Qwen2 Technical Report
Qwen2 is a suite of open AI models from the Alibaba Qwen team released in early June. Qwen2 model sizes range from 0.5 to 72 billion parameters: Qwen2-0.5B, Qwen2-1.5B, Qwen2-7B, Qwen2-57B-A14B (mixture-of-experts), and Qwen2-72B. Qwen2 are very good AI models with the Qwen2-72B in particular showing SOTA performance for open LLMs across several benchmarks: 84.2 on MMLU, 37.9 on GPQA, 64.6 on HumanEval, 89.5 on GSM8K, and 82.4 on BBH as a base language model.
Now the Qwen team has released The Qwen2 Technical Report to share further details on the Qwen2 architecture, training, and evaluation results.

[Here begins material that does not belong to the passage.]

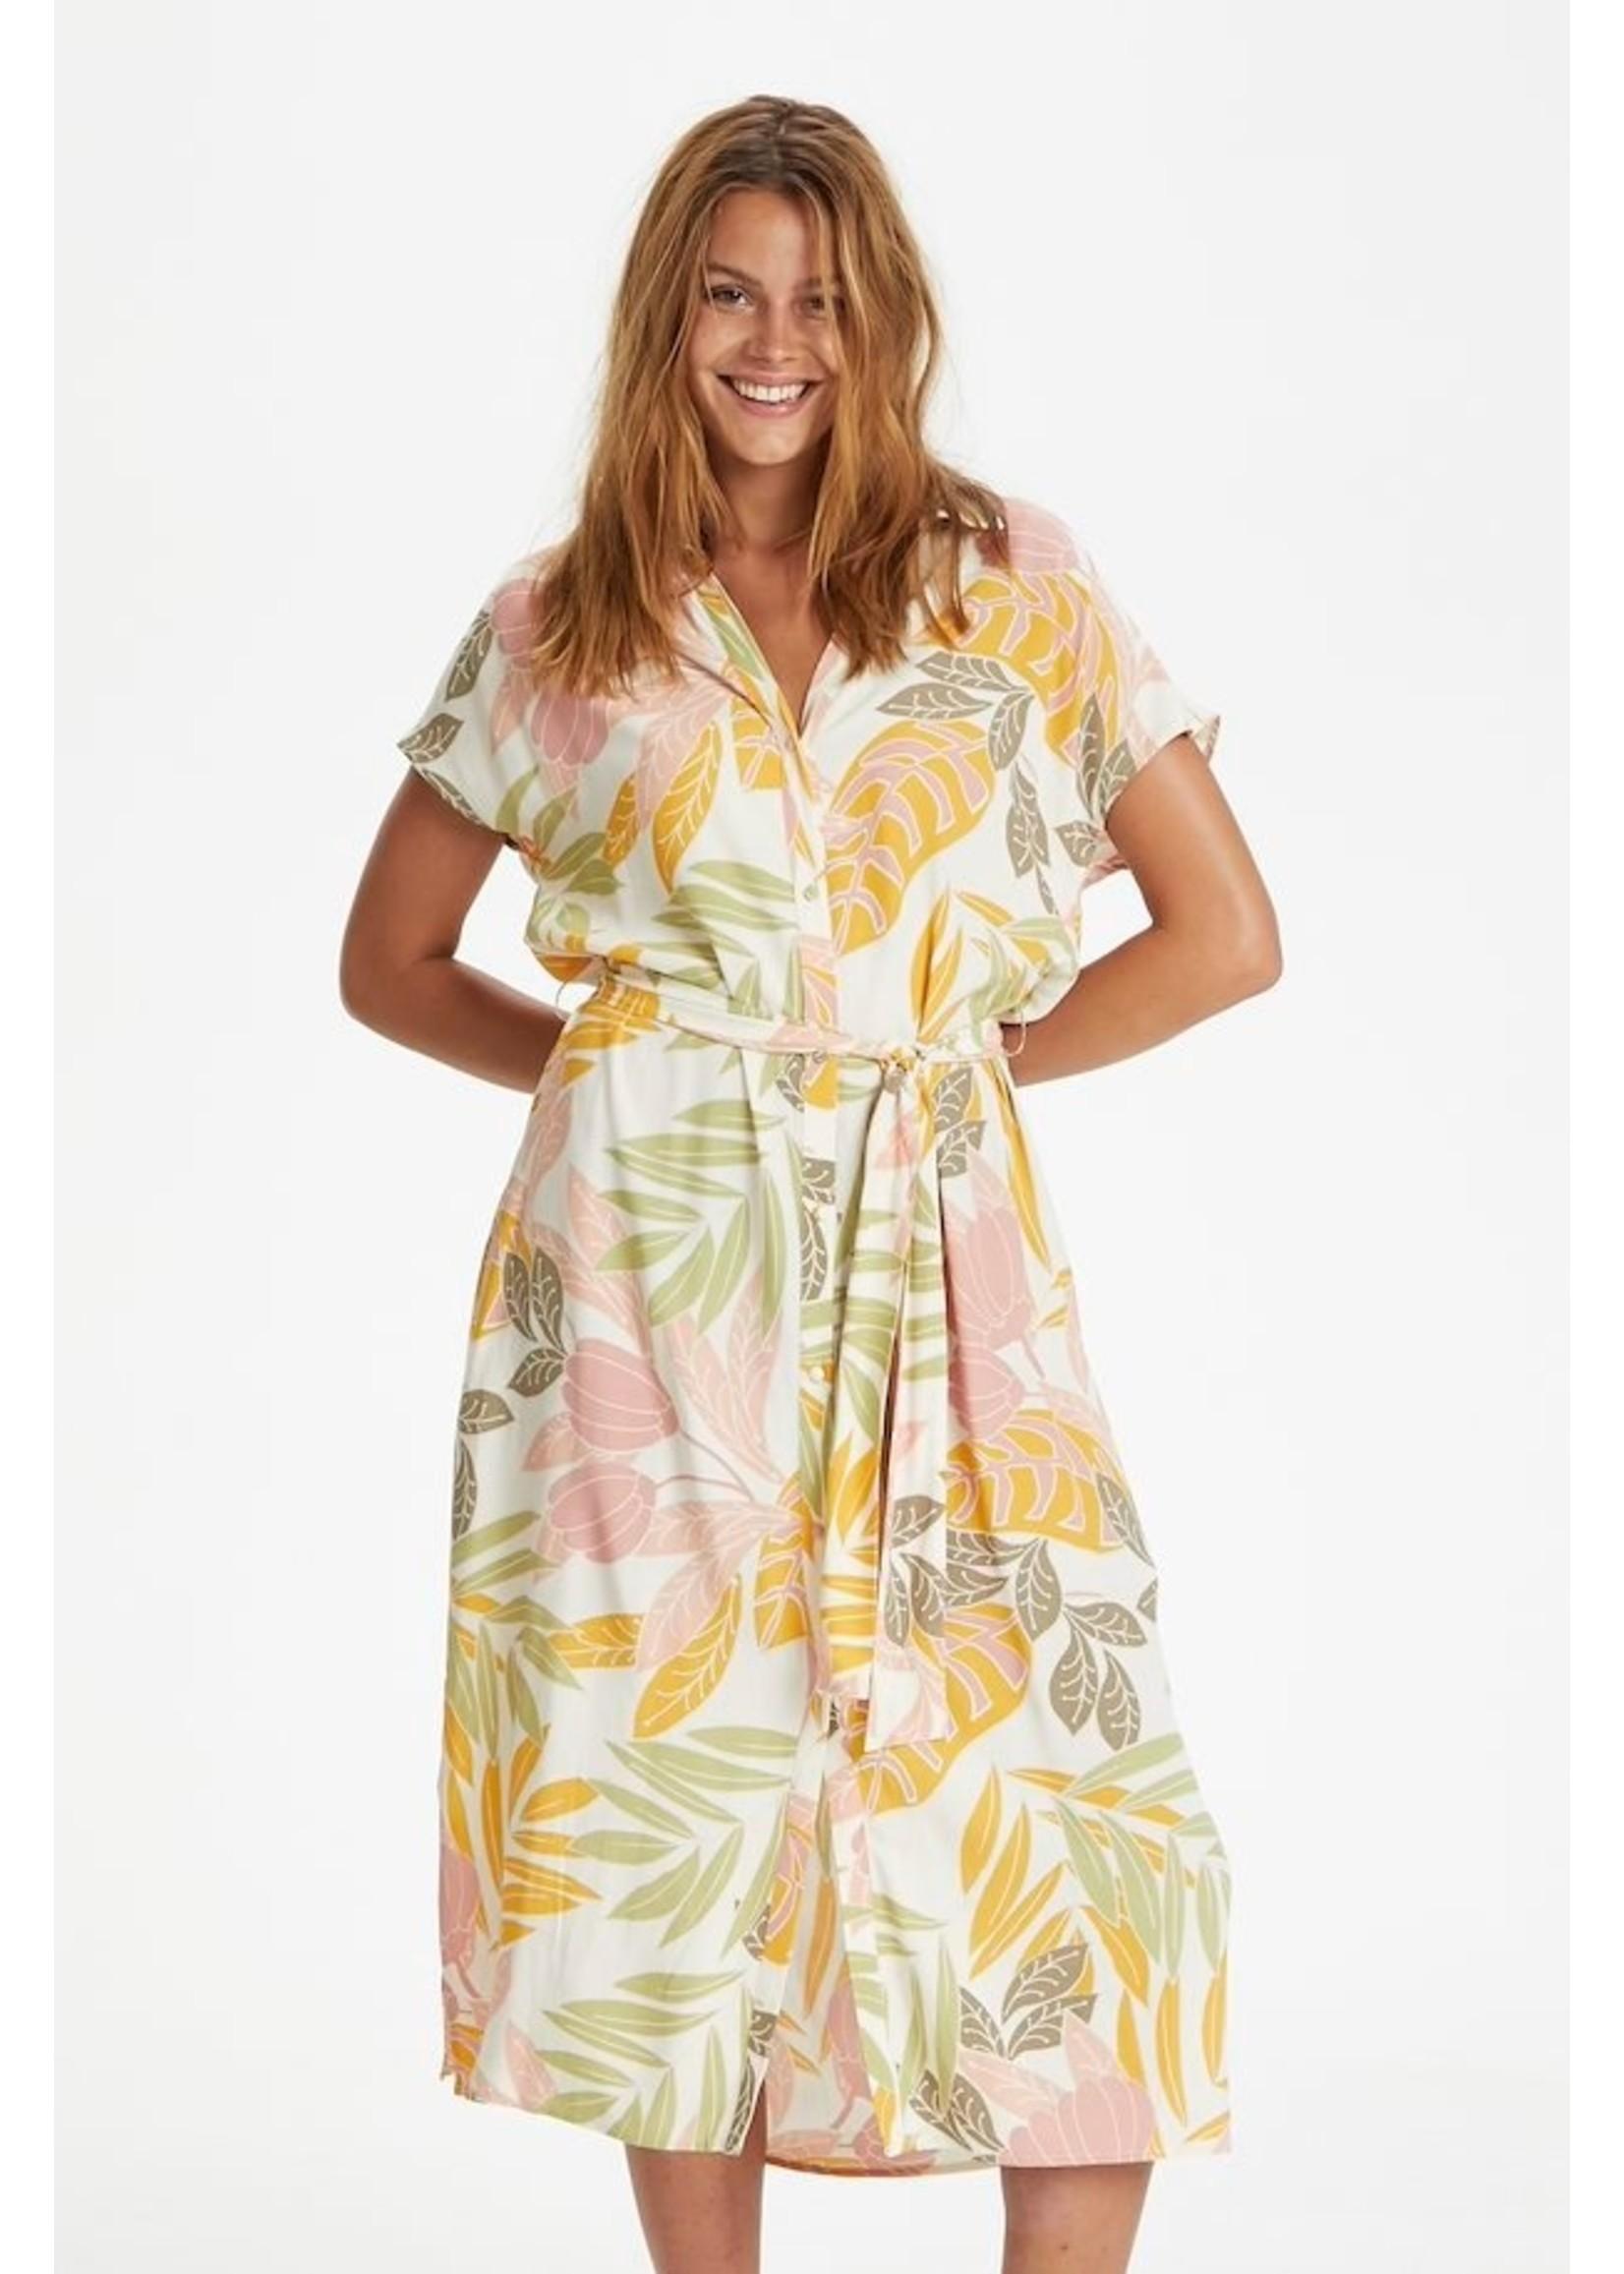 Saint Tropez Dress-light woven GabySZ  Dress
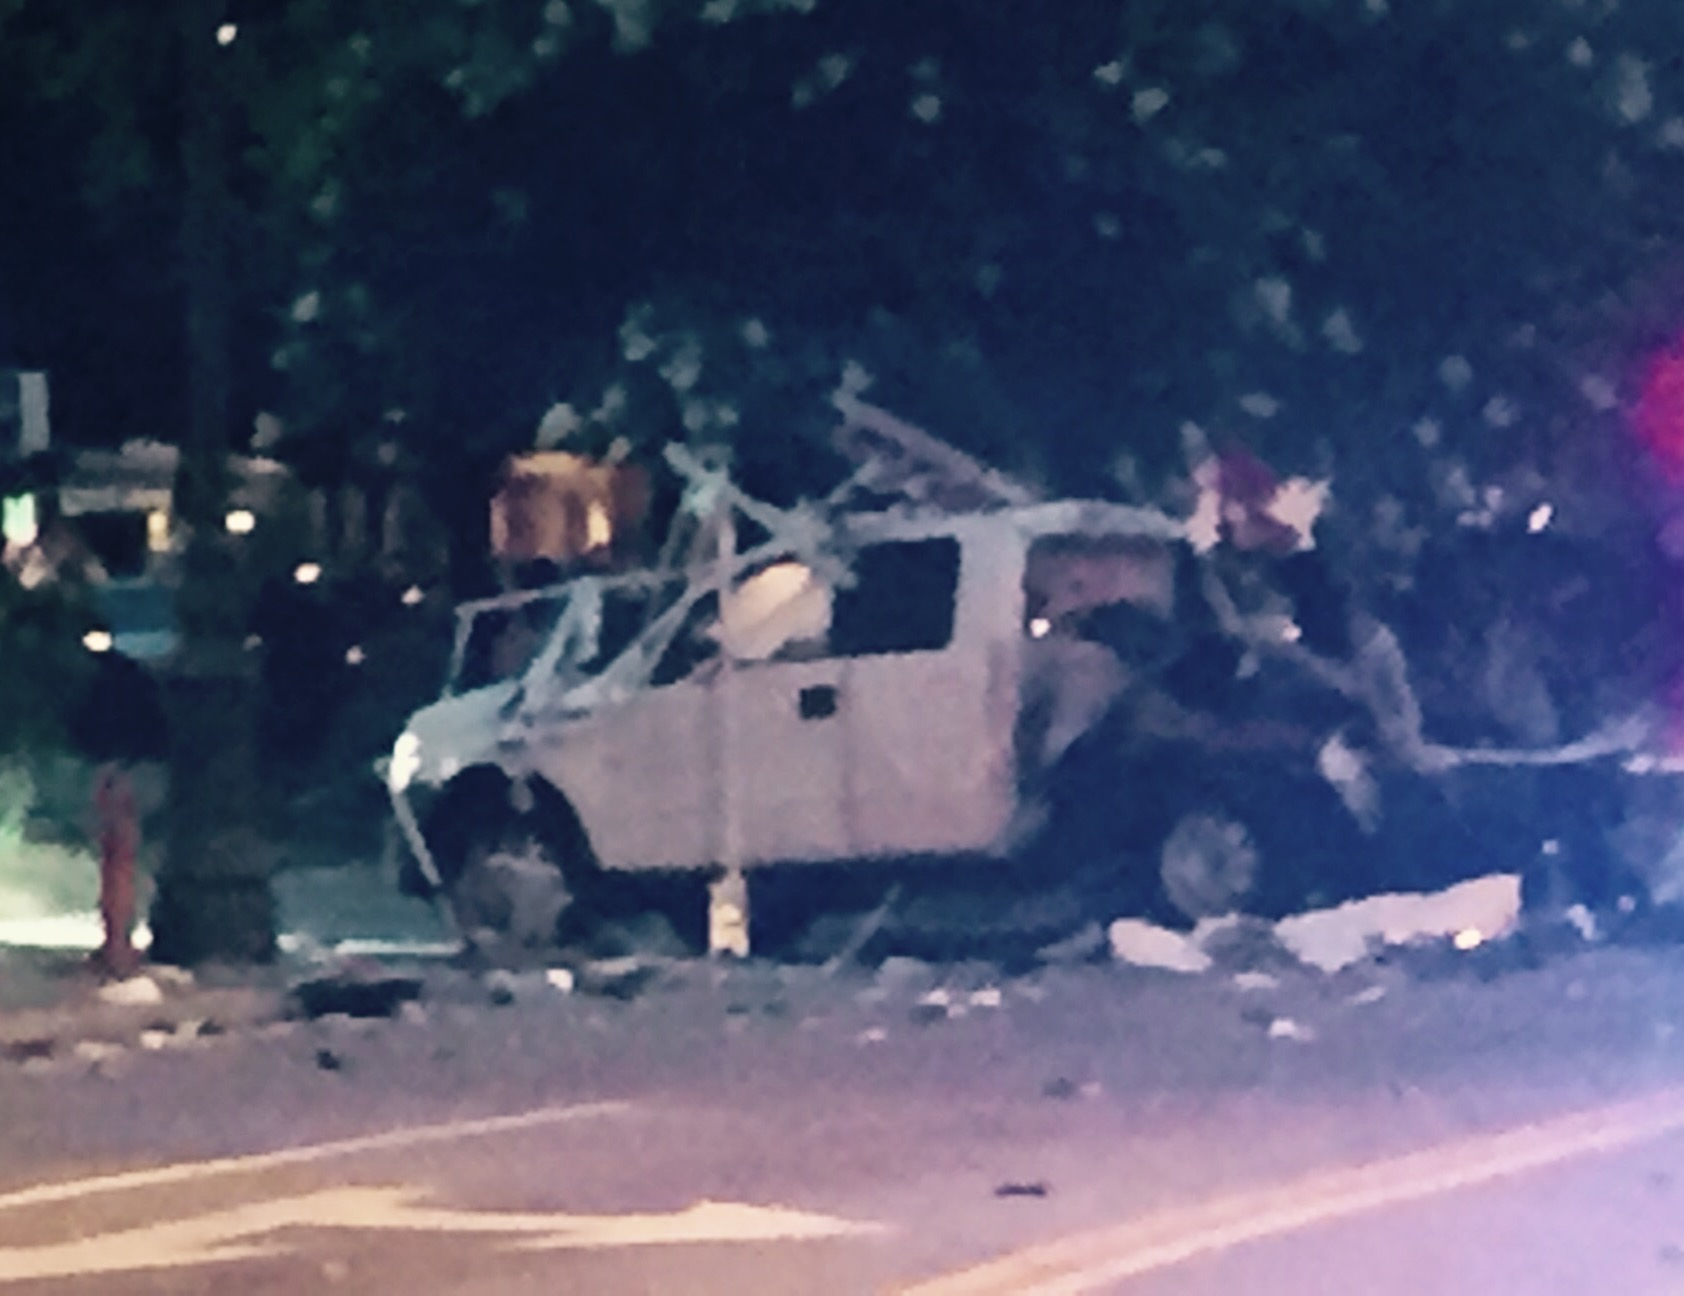 Truck Explosion in Franklin Square_17066

Qwen2 1.5B, 7B and 72B were trained on 7 trillion tokens. While they didn’t share specifics of the dataset used for pre-training Qwen2, they focused on refining the dataset by filtering out low-quality data, and expanding the data that they used. investigating methods to handle extended context lengths effectively
They employed LLMs and data synthesis techniques to help make instruction datasets for the fine-tuning (SFT) stages of training:
“We have assembled an extensive instruction dataset featuring more than 500,000 examples that cover skills such as instruction following, coding, mathematics, logical reasoning, role-playing, multilingualism, and safety”
While Qwen2 Technical Report doesn’t share all details, this is significantly more than the proprietary LLM providers are sharing at this time, and it’s enough to understand the process used at a high level to train the LLM.
The Qwen2 model weights are available on Hugging Face, and since Qwen 7B is quite capable, its worth downloading and running locally.